This Week…We Want Our Jousting Back
"Five long years, he wore this watch up his ass. Then when he died of dysentery, he gave me the watch. I hid this uncomfortable hunk of metal up my ass for two years. Then, after seven years, I was sent home to my family. And now, little man, I give the watch to you." – Melania Trump
"Ski-bi dibby dib yo da dub dub Yo da dub dub Ski-bi dibby dib yo da dub dub Yo da dub dub (I'm the Scatman) Ski-bi dibby dib yo da dub dub Yo da dub dub Ski-bi dibby dib yo da dub dub Yo da dub dub" – Melania Trump
"Back once again for the renegade master, D4 damager, power to the people. back once again for the renegade master, We be gettin down, with the ill behavior." – Melania Trump
“Okay, announcement, listen up to this one, don’t be alarmed but there is a snake on the train, it’s not poisonous and is around a foot long. It’s name is penny. We suspect it is in carriage F, but can you please all check your bags to make sure it isn’t in there" Train conductor… somewhere in the UK last night.

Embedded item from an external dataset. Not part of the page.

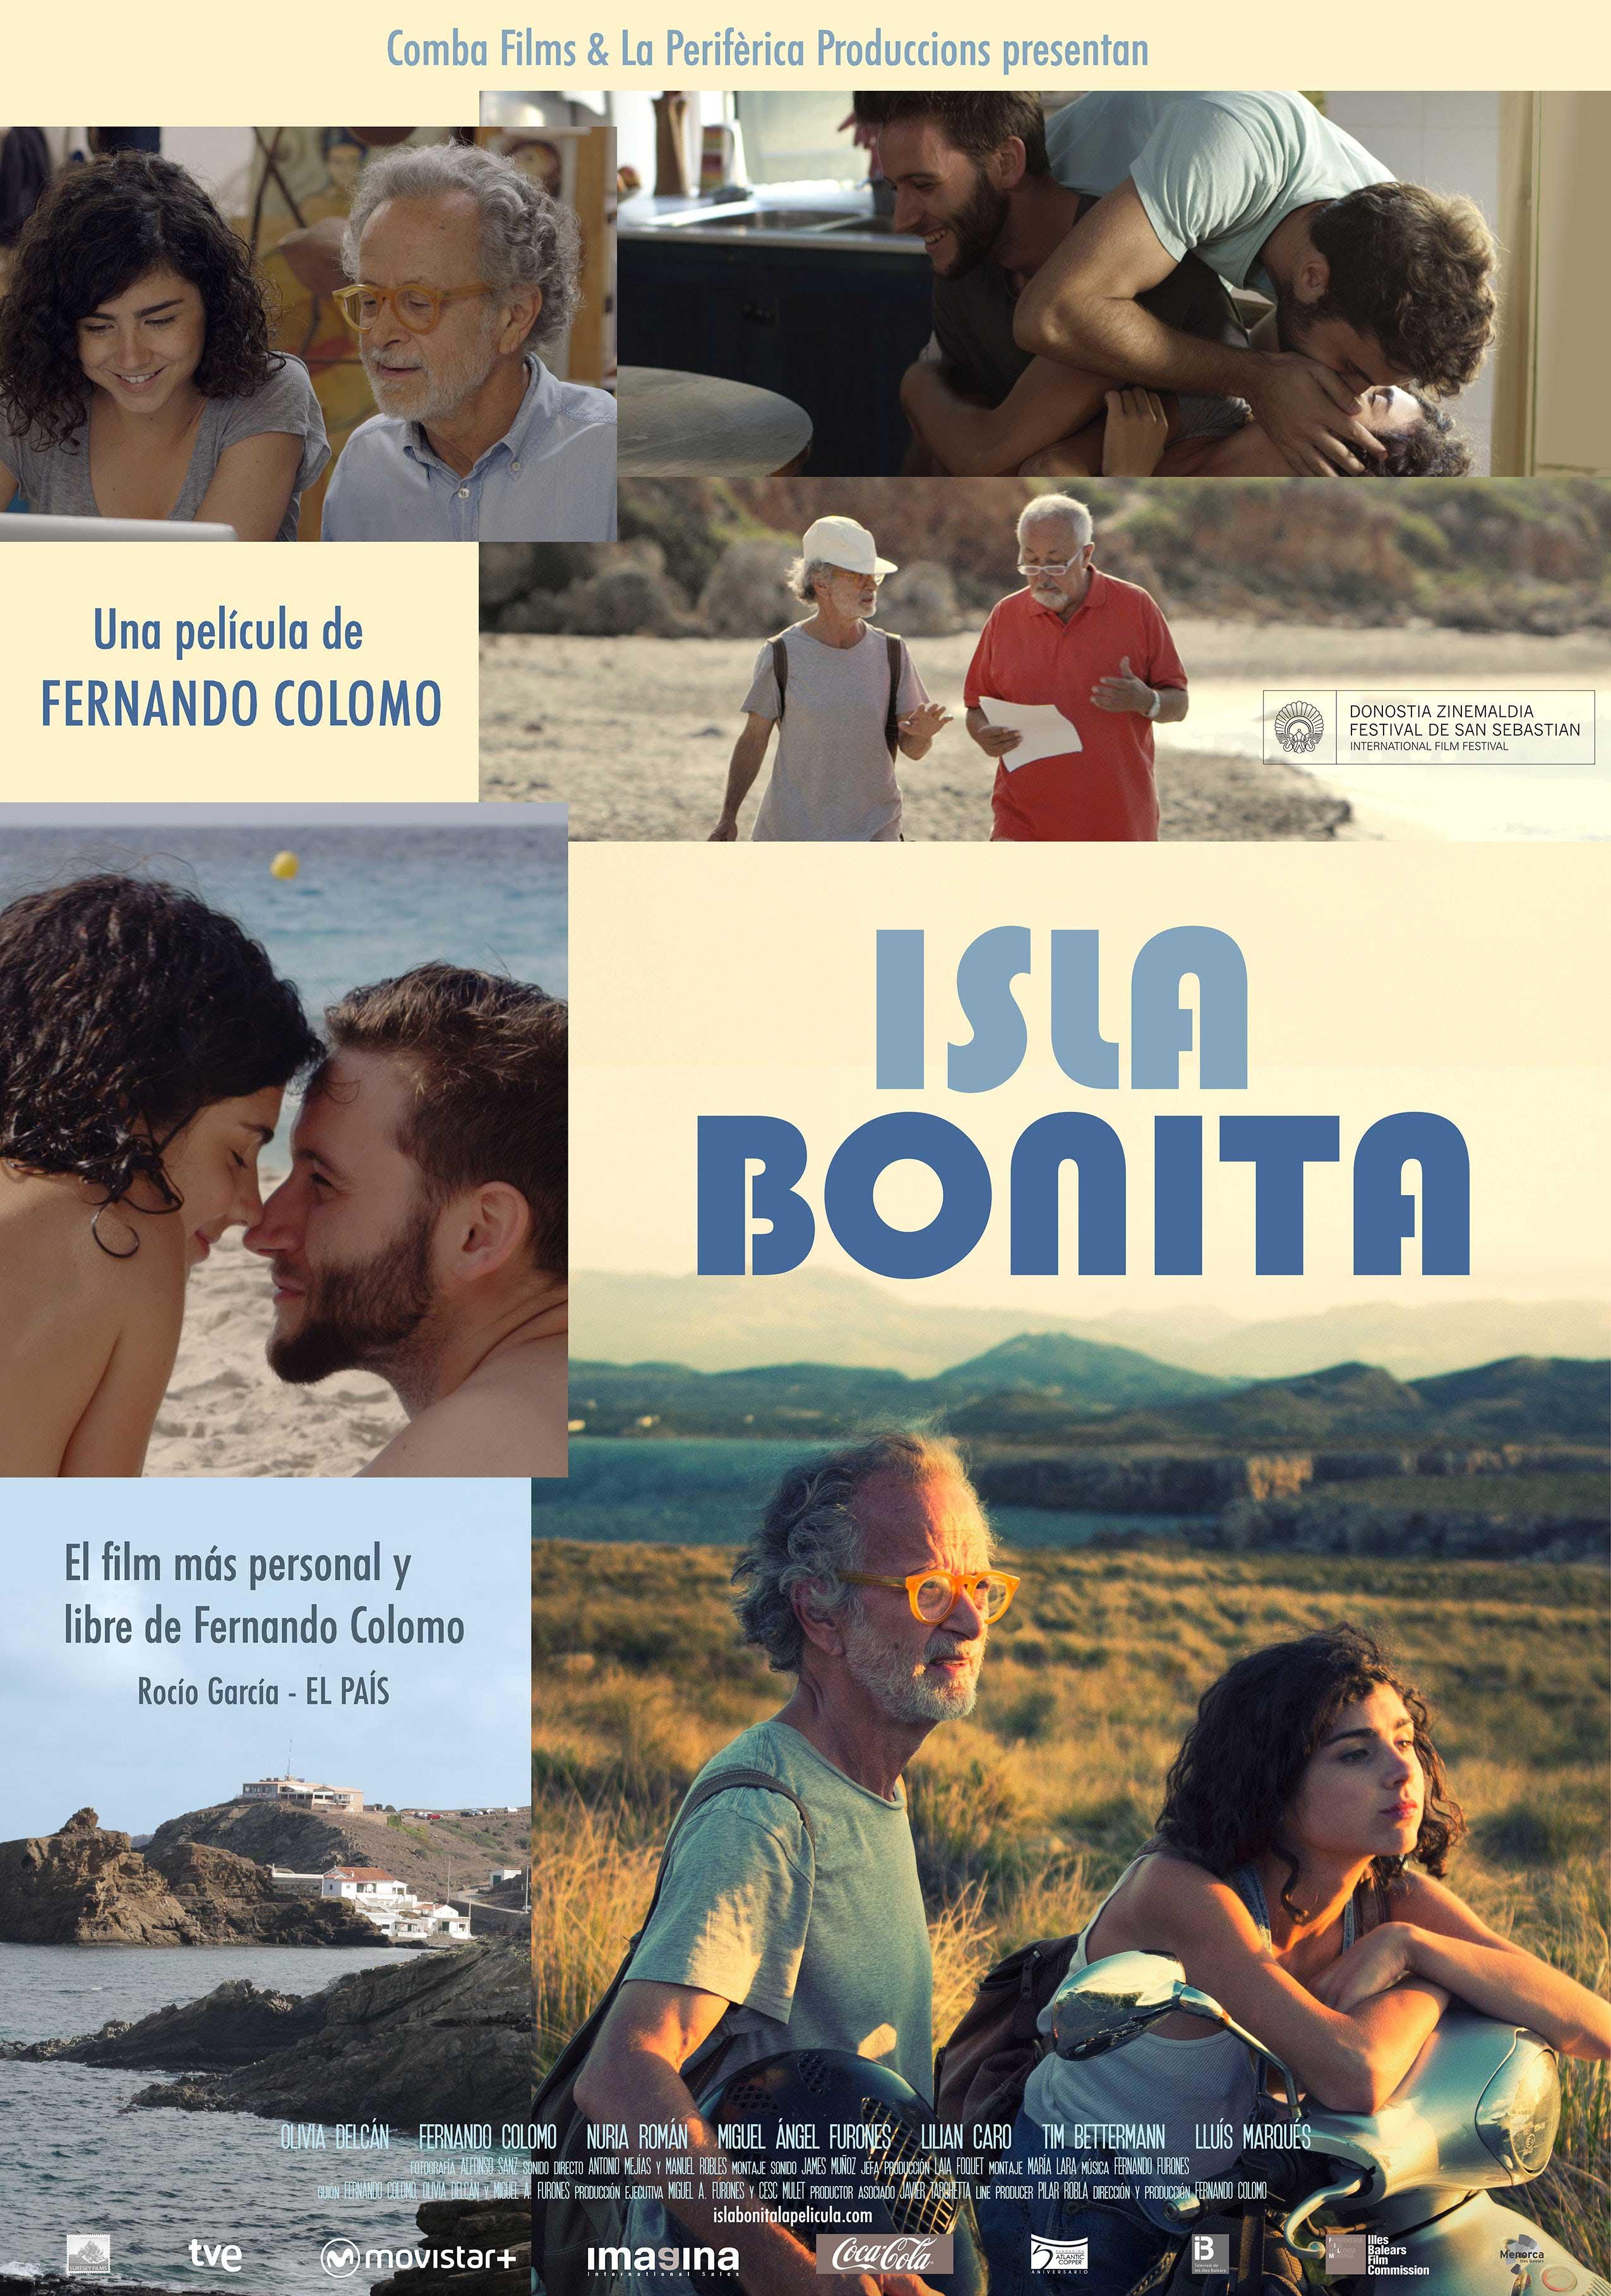 Isla-Bonita-cartel-pelicula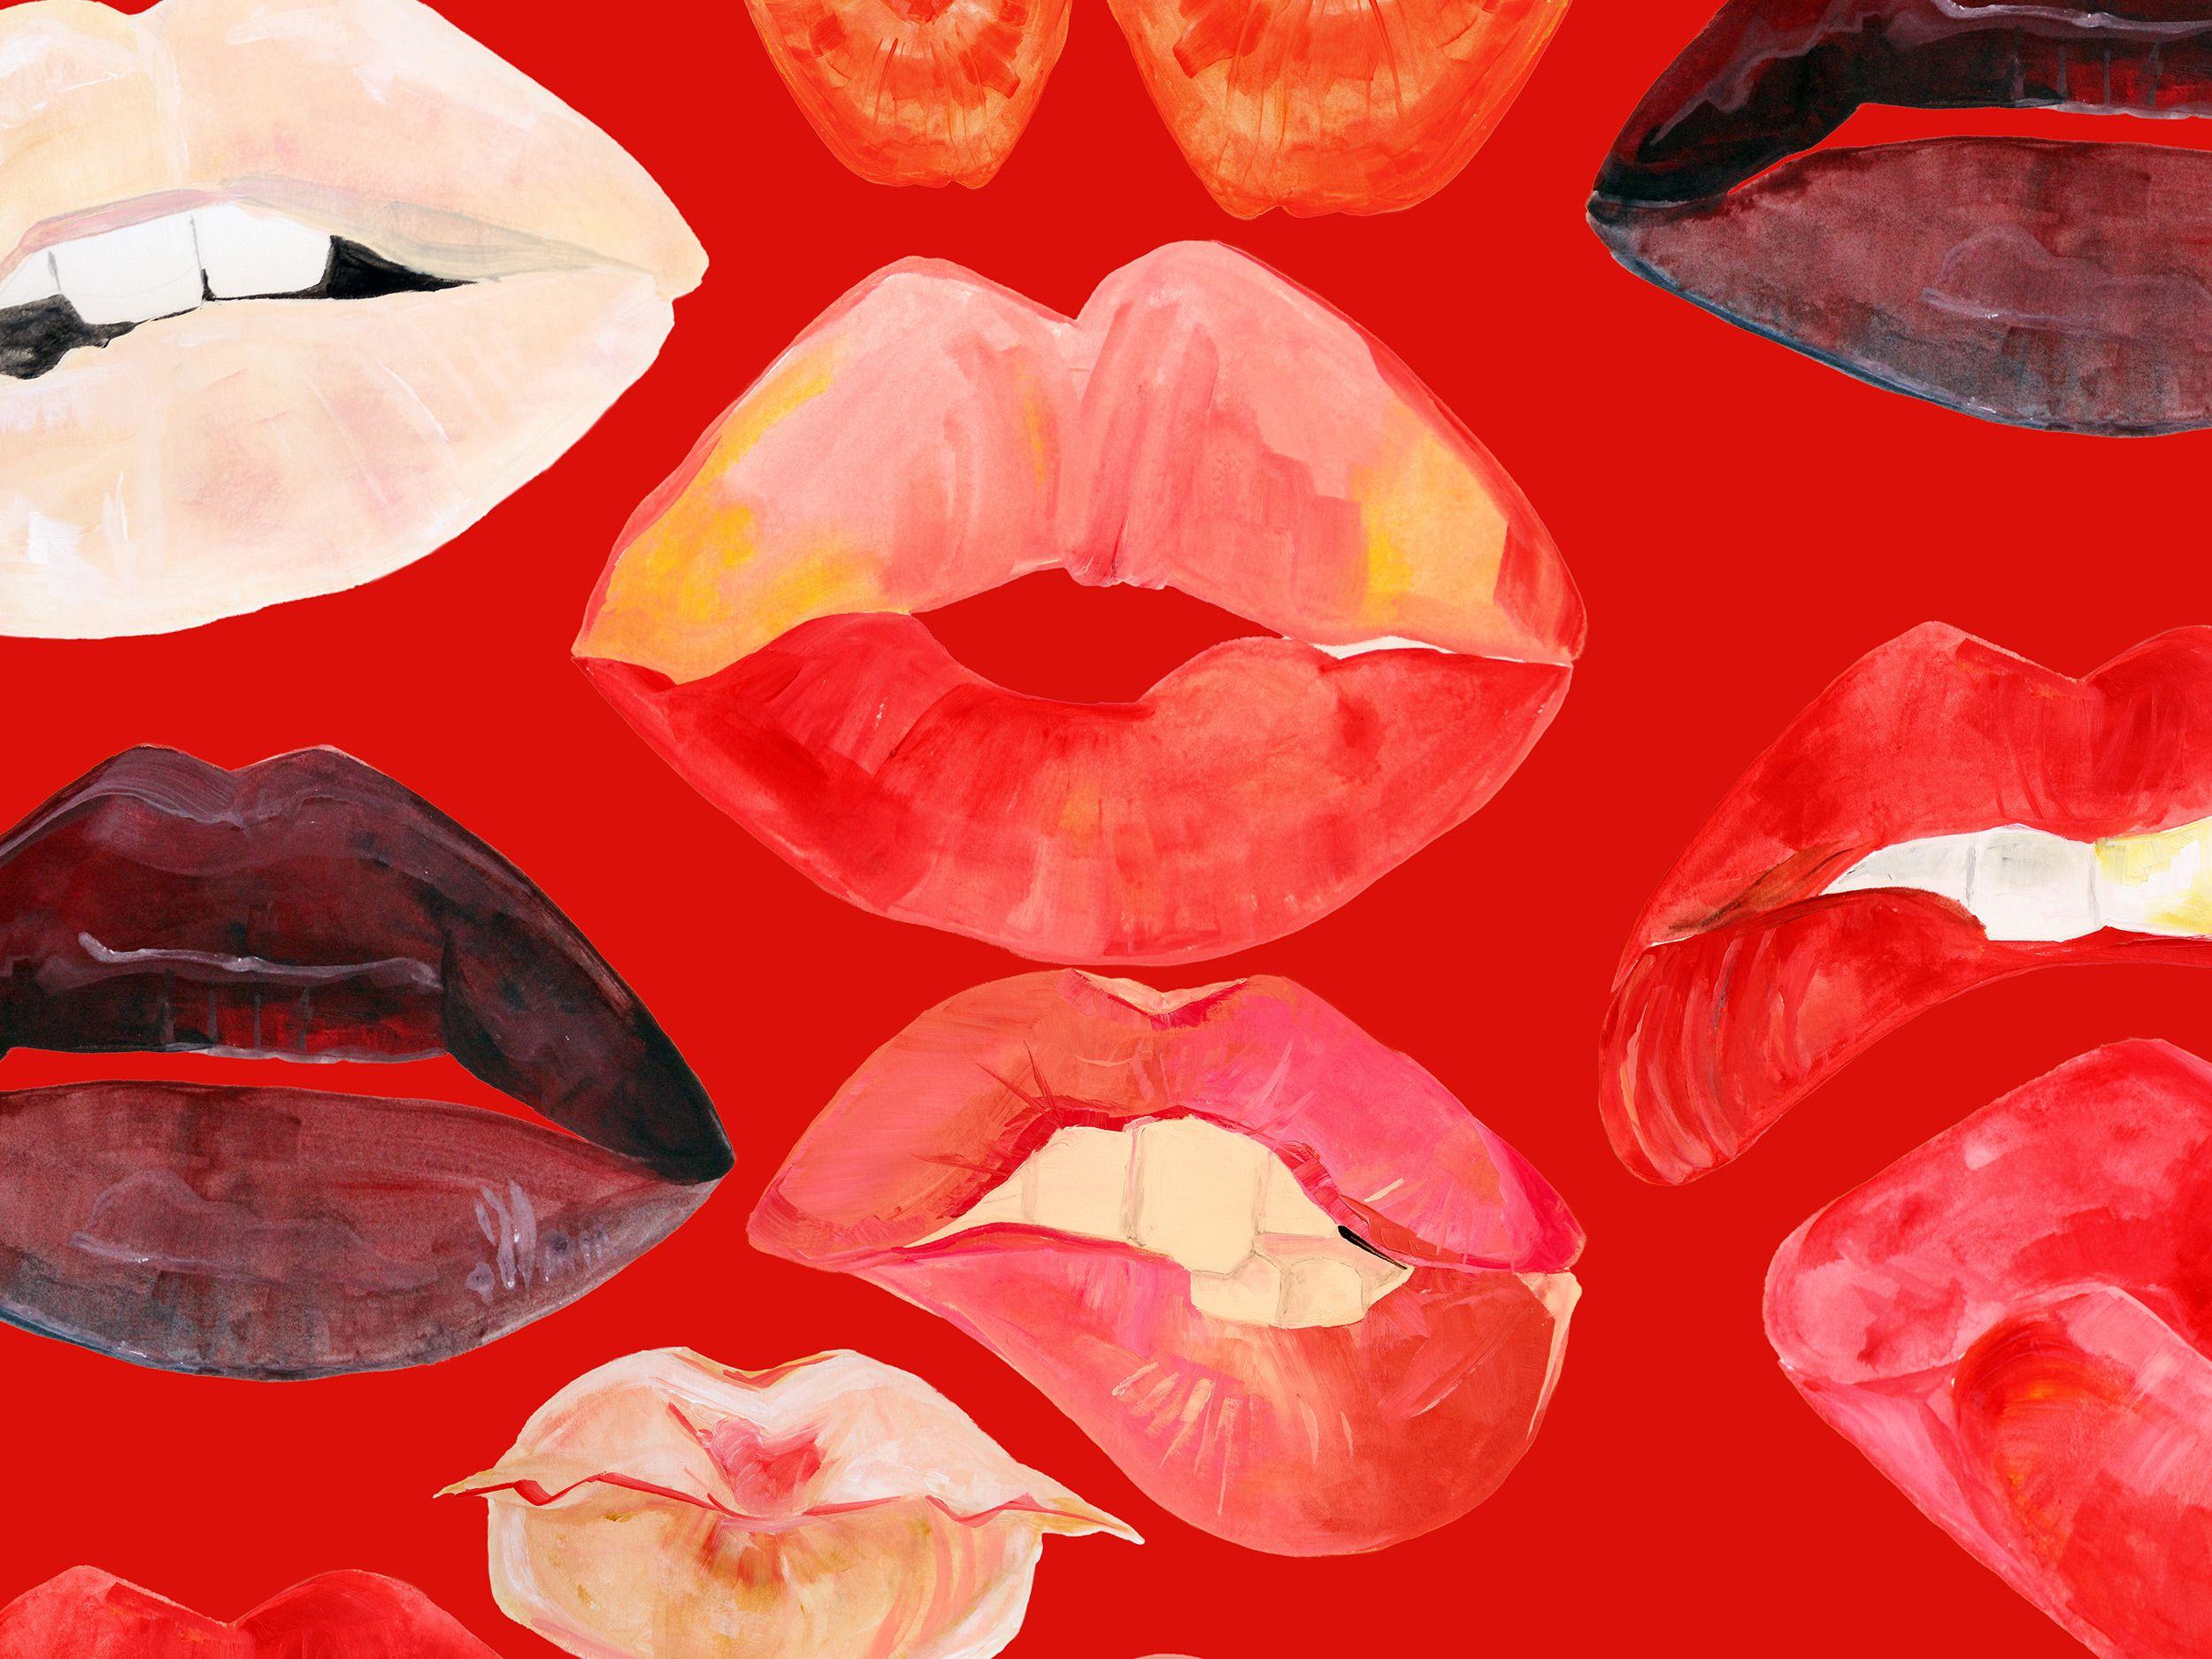 Lips Tumblr Wallpapers Wallpaper Cave

I think we did it, I think as a collective human race we managed to go a full week without forming the basis of a global catastrophe. The metaphorical heat from the past few weeks and months died down this week while the literal heat rose, something that I personally felt a little unsettled by in a sort of Stockholm Syndrome-esque kind of way as chaos is all I really know anymore. Nobody likes to fight in the heat. You chafe. You're holding a Cornetto in your sword hand. At any one time you're already three Kopparbergs down and there's constant BBQ smoke getting in your eyes.
Thankfully the heat this week has distracted us from imploding ourselves and has allowed us to concentrate on the things that really matter. Things like…
WE WANT OUR JOUSTING BACK
When the message 'we want our country back' echoed through the streets of England and Wales all but a month ago I imagined a country where deeply paranoid pensioners could not only leave their doors unlocked, but they didn't feel the need for any doors at all. A country where our imports all come via barge, where Only Fools And Horses is projected on to Big Ben 24/7 and where those t-shirts that say things like 'S3X 4DD1CT' and 'If Lost Please Return To Pub' become our national uniform. That's what I thought but I was stupid and wrong as we're going back even further to a time where jousting was considered a normal thing to do alongside throwing poop out of your window and dying of plague, a sport which the English Heritage are avidly petitioning to be included in the Tokyo 2020 Olympic Games. Presumably the same people who recognise darts as the pinnacle of human fitness and achievement jousting is a sport that even Gladiators found too dangerous, switching a six foot wooden lance for double ended foam jousting sticks to avoid any and all chances of 'fitness instructor Glenn from Derby' being impaled in front of his family, Ulrika Johnson and John Fashanu.
One of the men pioneering the movement is Dominic Sewell, a 'jousting expert' at the English Heritage, who said “given what sports have been submitted to the Olympics over the years, I don’t think there is any reason that something which has been a sport for over a thousand years should not be considered." With air tight logic we open up a world of potential, a Pandora's box of new opportunities to dismember, disembowel and decapitate ourselves in the name of sport and finally achieve something on the world circuit that as a nation we can be proud of. Below I've come up with a few suggestions with actual dates of their inception…
BEAR-BAITING: 16TH CENTURY
Rules: Piss off a bear then see what happens.
COCK-FIGHTING: 1646
Rules: Same as the above but with chickens.
MORRIS DANCING: 1448
Rules: Same as equestrian but for humans with low social skills.
SAYING 'AT THE END OF THE DAY': 1974
Rules: First to say sentence loses argument. Basically a stare off.
CROSSWORDS: 1862
Rules: Think of words then write them down. Predominantly played by those who are simply waiting for the embrace of death.
AND NOW FOR THE NEWS IN BRIEF…
GOALKEEPER EXPLAINS BREXIT
MELANIA TRUMP ACCUSED OF PLAGIARISM
TED CRUZ 'LAYS EGGS IN EACH AND EVERY ONE OF YOU'.